# being induced on wednesday!!



## rachelha (Aug 31, 2010)

Hello
My induction has been brought forward from Sunday to Wednesday, Arghh tomorrow!!  This is due to early  warning signs of pre-eclampsia and placental failure.  I am absolutely terrified of the induction, and the realisation that by the end of  the week I will be a proper mum.  I have been concentrating so much on getting through the pregnancy with both of us as healthy as possible, that i have not really considered what comes after that. 

P.s. those of you who are on Facebook, please don't mention this on there.  We are trying to avoid constant text messages after updates.


----------



## cazscot (Aug 31, 2010)

Good luck  x


----------



## margie (Aug 31, 2010)

Good Luck Rachel - can you get your medical team to reassure you about the induction ? I will be thinking of you


----------



## thedame (Aug 31, 2010)

Oh how exciting Rachel...the very best of luck


----------



## Cookie (Aug 31, 2010)

Ooh good luck!

You will be absolutely fine - I felt similarly clueless about 3.5 years ago and the result is now sitting on the sofa next to me, eating an apple!

x


----------



## Steff (Aug 31, 2010)

All the luck in the world rach x x be thinking of you


----------



## MrsSharpwaa (Aug 31, 2010)

Hi Rachel

Although I'm not diabetic I can sympathise from the point of view of induction. I have 5 children and didn't manage to go into labour spontaneously once! All are healthy happy adults now. You may find that labour starts with a jolt as opposed to a gradual meander but the end result is worth it .

All the best!!!!


----------



## xxlou_lxx (Aug 31, 2010)

Hi rachel, Im glad ur team have acted upon your recent symptoms, least you know that your little one is going to be fine  Im so excited for you, I hope it all goes well...

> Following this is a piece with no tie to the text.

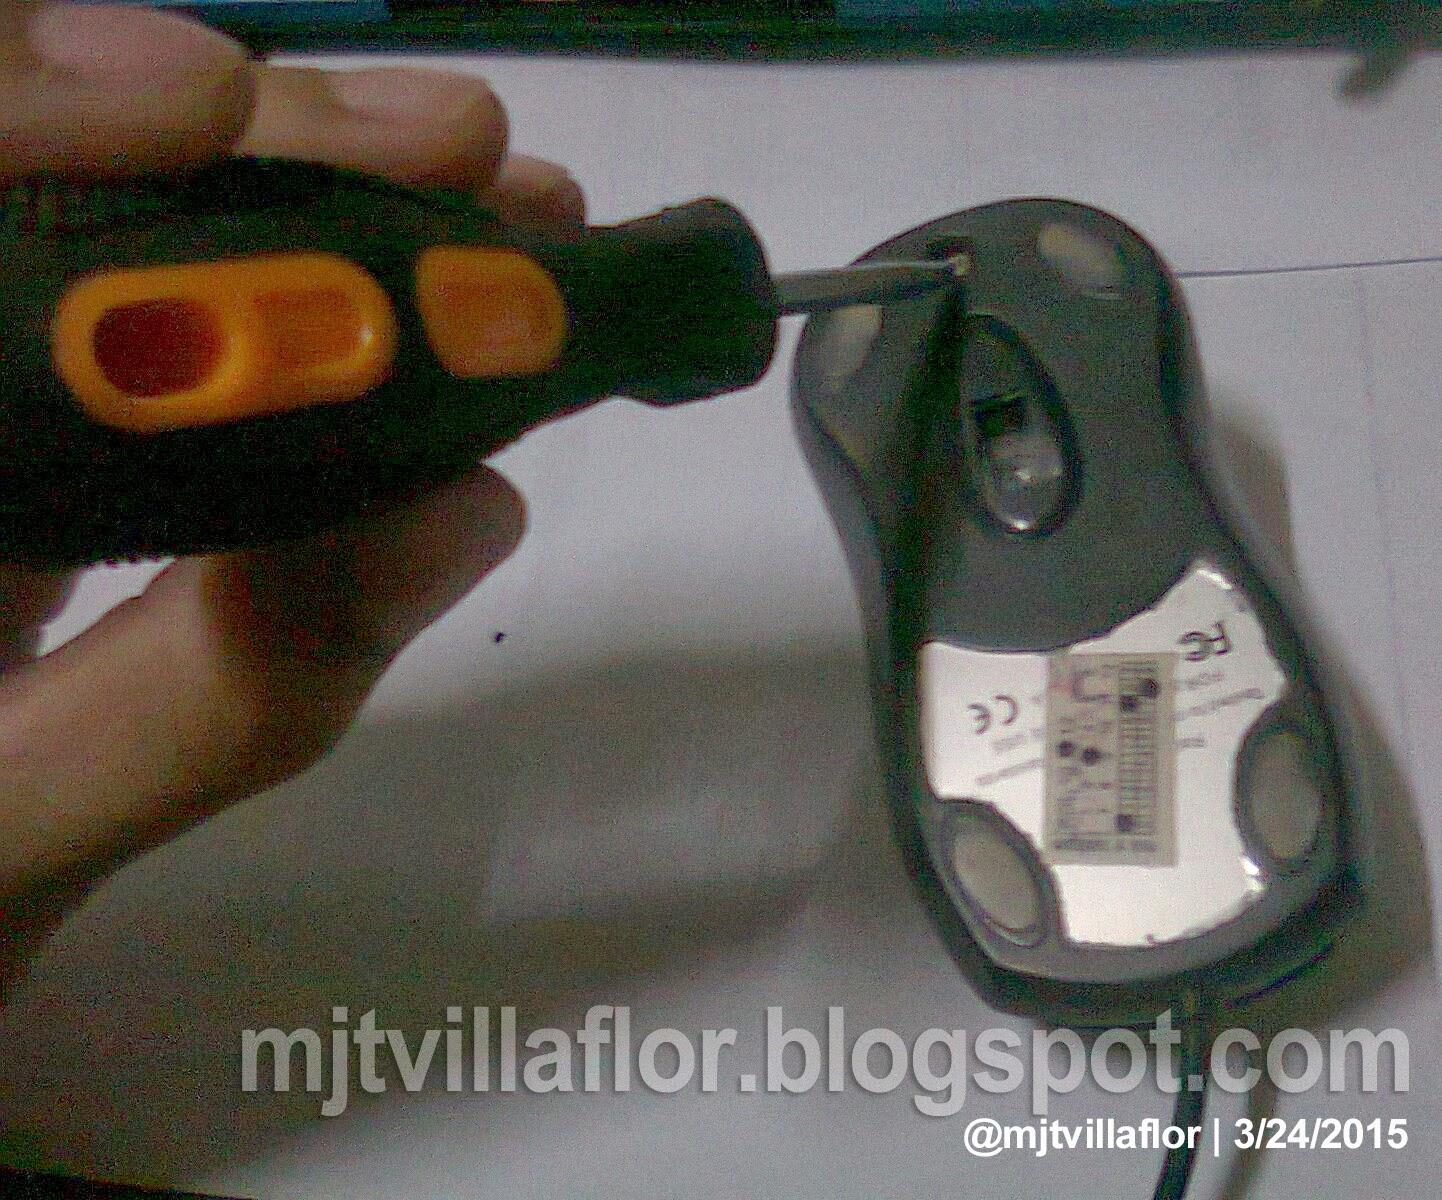 Troubleshooting: USB Mouse Wiring - @mjtvillaflor

ps from my experience of induction, it was very boring waiting on something to happen  Just make sure U take a book or some magazines etc lol I took my nintendo ds!! anything to make the time pass quicker  
I hope the induction goes well and doesnt come to a dreaded c section like me hun lol 

Good luck, and I will be thinking of u tomo xxxxxx


----------



## beckyp (Aug 31, 2010)

Good luck Rachel    Hopefully not too long before you have a little bundle of joy!


----------



## Laura22 (Aug 31, 2010)

Good luck for tomorrow!!  xx


----------



## Strawberrygirl (Aug 31, 2010)

Good luck! how many weeks are you now? I'm sure you will feel fine once you have your little baby in your arms


----------



## shirl (Aug 31, 2010)

Good Luck for tomorrow Rachael, will be thinking of you, love shirl x


----------



## FairyNuff (Aug 31, 2010)

Oh how exciting! You'd be nervous now no matter how the baby was coming!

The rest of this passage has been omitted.